HEIDELBERG – Durante la visita que les hice el mes pasado a mis padres en Bogotá, vi gente del vecindario pidiendo ayuda en la calle para sobrevivir. Desde finales de abril, Colombia experimentó una de las mayores olas de agitación social en tiempos recientes, y el hambre está en el centro de las protestas. Sudáfrica experimentó una conmoción similar en julio.

El aumento del hambre está creando volatilidad en muchos países, y agrava el devastador impacto social y económico de la pandemia de COVID‑19 y de la crisis climática. Según cifras recientes de Naciones Unidas, hoy padecen hambre 161 millones de personas más que antes de la pandemia, esto es, un total de 811 millones. Una de cada tres personas (casi 2400 millones) carece de acceso a nutrición adecuada.

Ante la falta de avances hacia el objetivo de terminar con el hambre y la malnutrición en todo el mundo en 2030, el secretario general de la ONU, António Guterres, ha convocado a una cumbre sobre los sistemas alimentarios que tendrá lugar el 23 de septiembre en Nueva York. Se la ha presentado como una oportunidad para discutir nuevas medidas audaces que transformarán el modo en que producimos, consumimos y conceptualizamos los alimentos.

Pero la cumbre ha estado teñida de controversia desde el principio, más que nada por la influencia de intereses corporativos en la definición de la agenda; en opinión de los críticos, hay un intento de privatizar la toma de decisiones. La ONU definió la agenda preliminar junto con el Foro Económico Mundial, lo que situó en puestos de liderazgo a importantes actores corporativos. Por ejemplo, el trabajo de la cumbre sobre la erradicación del hambre lo dirige la Alianza Mundial para una Nutrición Mejorada (GAIN, por la sigla en inglés), una fundación con sede en Suiza. GAIN recibe donaciones de la fabricante de pesticidas BASF, que intenta presentarse como «héroe de los sistemas alimentarios».
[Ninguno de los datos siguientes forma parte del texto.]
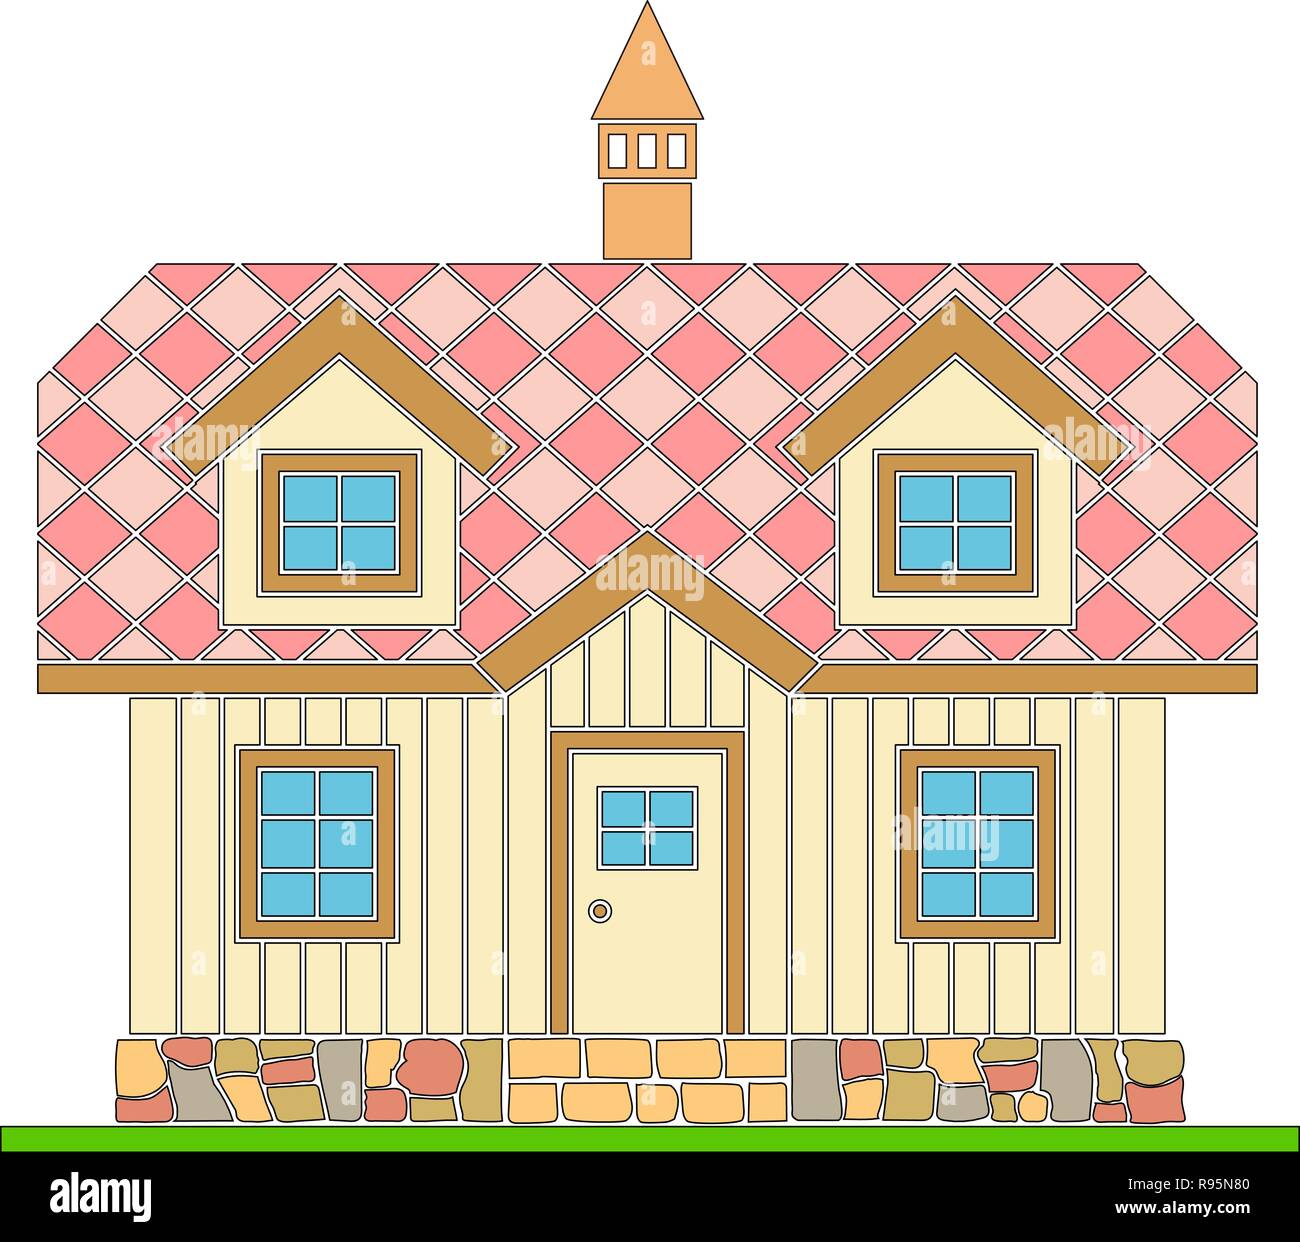 Maison traditionnelle en bois avec un quartier résidentiel grenier. Le toit est couvert de tuiles multicolores. Illustration vecteur de la couleur d'ossature. Illustration de Vecteur

Expertos de la ONU en derechos humanos han formulado críticas demoledoras del proceso, que marginó al Comité de Seguridad Alimentaria Mundial de la ONU (CSA), un ámbito de discusión que reúne a cientos de representantes de pequeños agricultores, pescadores, pueblos indígenas y organizaciones de la sociedad civil. Michael Fakhri, relator especial de la ONU sobre el derecho a la alimentación, acompaña las quejas de organizaciones agrícolas de base, de las que más de 500 han llamado a boicotear la cumbre; se ha dicho que la excesiva influencia de las corporaciones en la reunión es como «invitar al zorro al gallinero».
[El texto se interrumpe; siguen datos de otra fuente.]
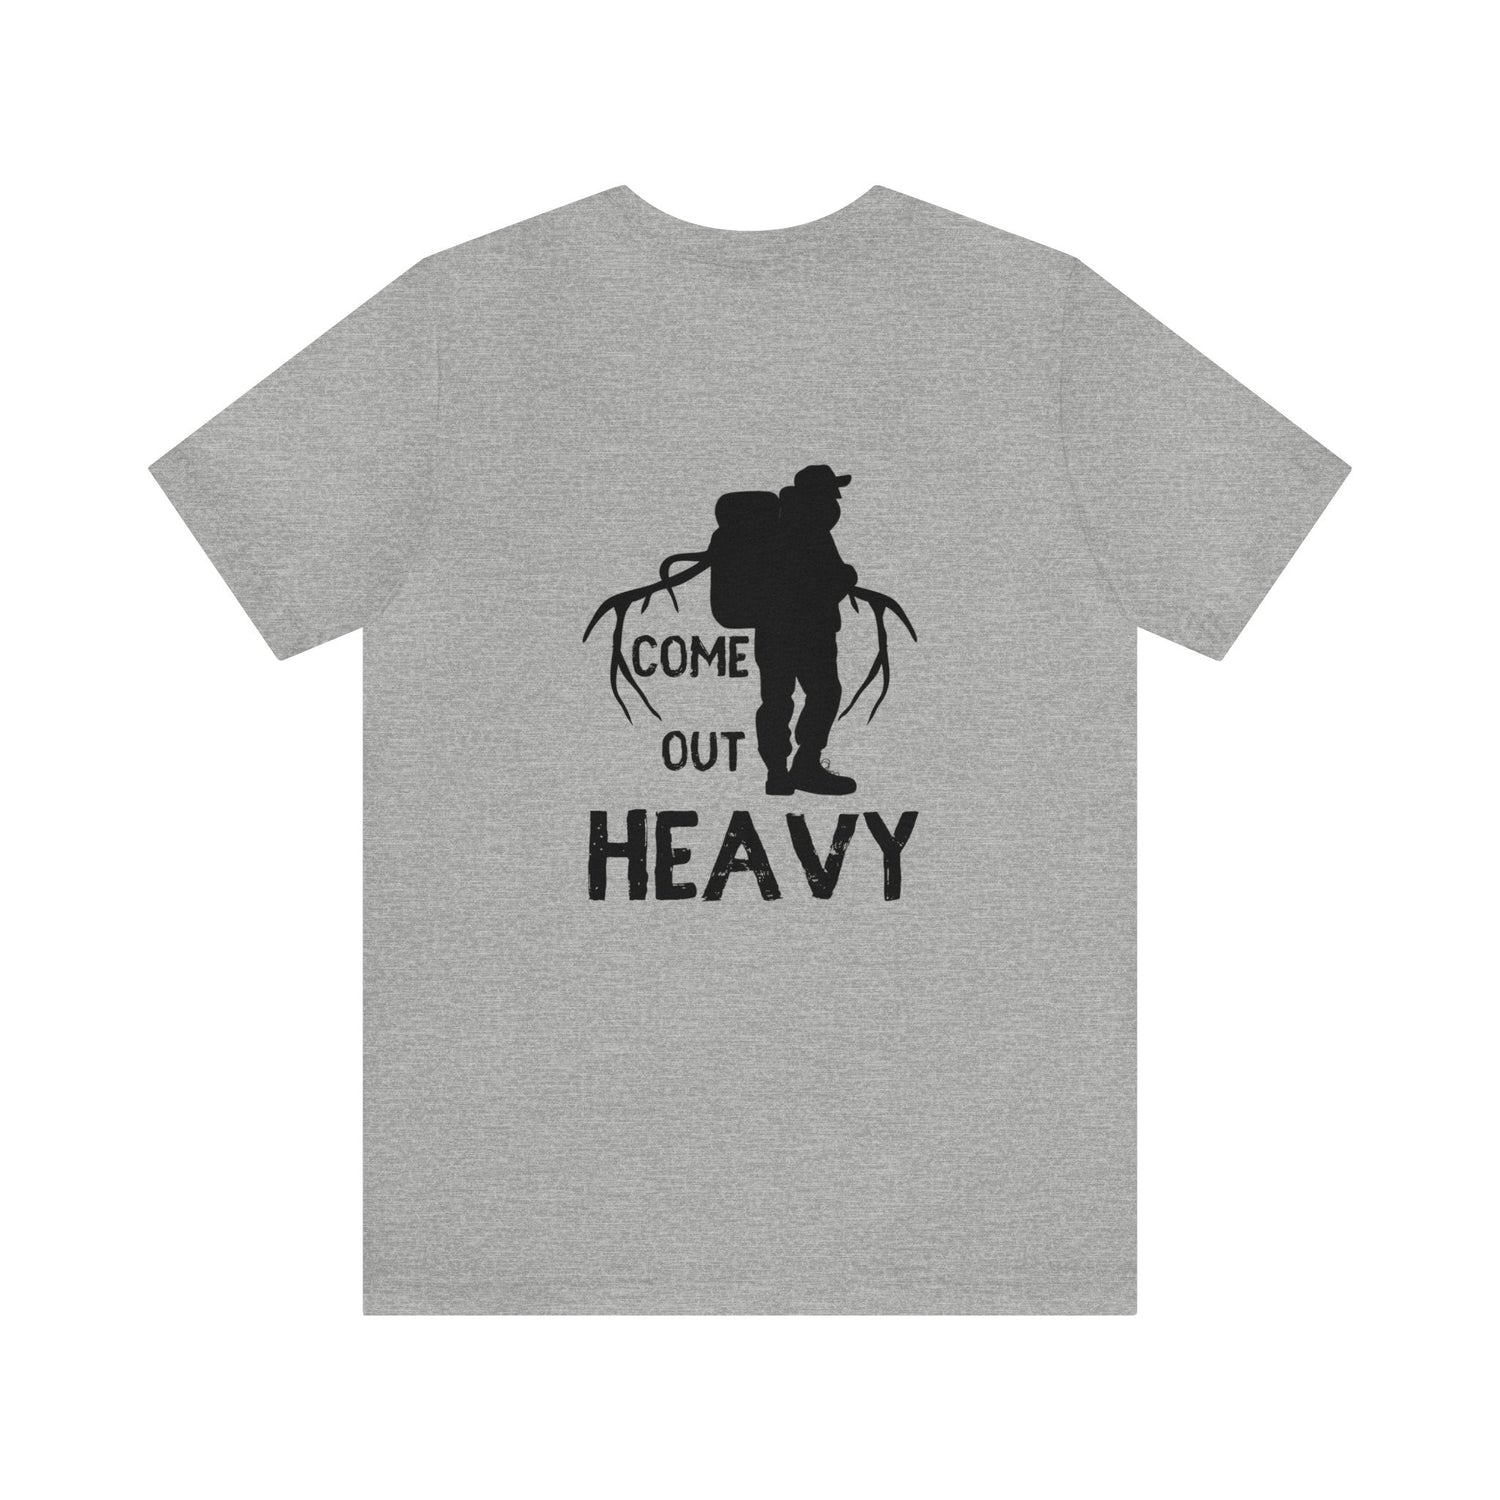 Western elk hunting t-shirt, color light grey, back design placement

Pequeños agricultores, campesinos, pescadores, pastores y pueblos indígenas alimentan a la mayor parte de la población mundial, con escaso o nulo acceso a las cadenas de suministro de las corporaciones. Alrededor del 80% de las explotaciones agrícolas del mundo son de tamaño menor a dos hectáreas y abarcan alrededor del 12% de la superficie agrícola mundial, mientras que el 1% de establecimientos agroindustriales más grandes controla más del 70% de las tierras destinadas a la agricultura.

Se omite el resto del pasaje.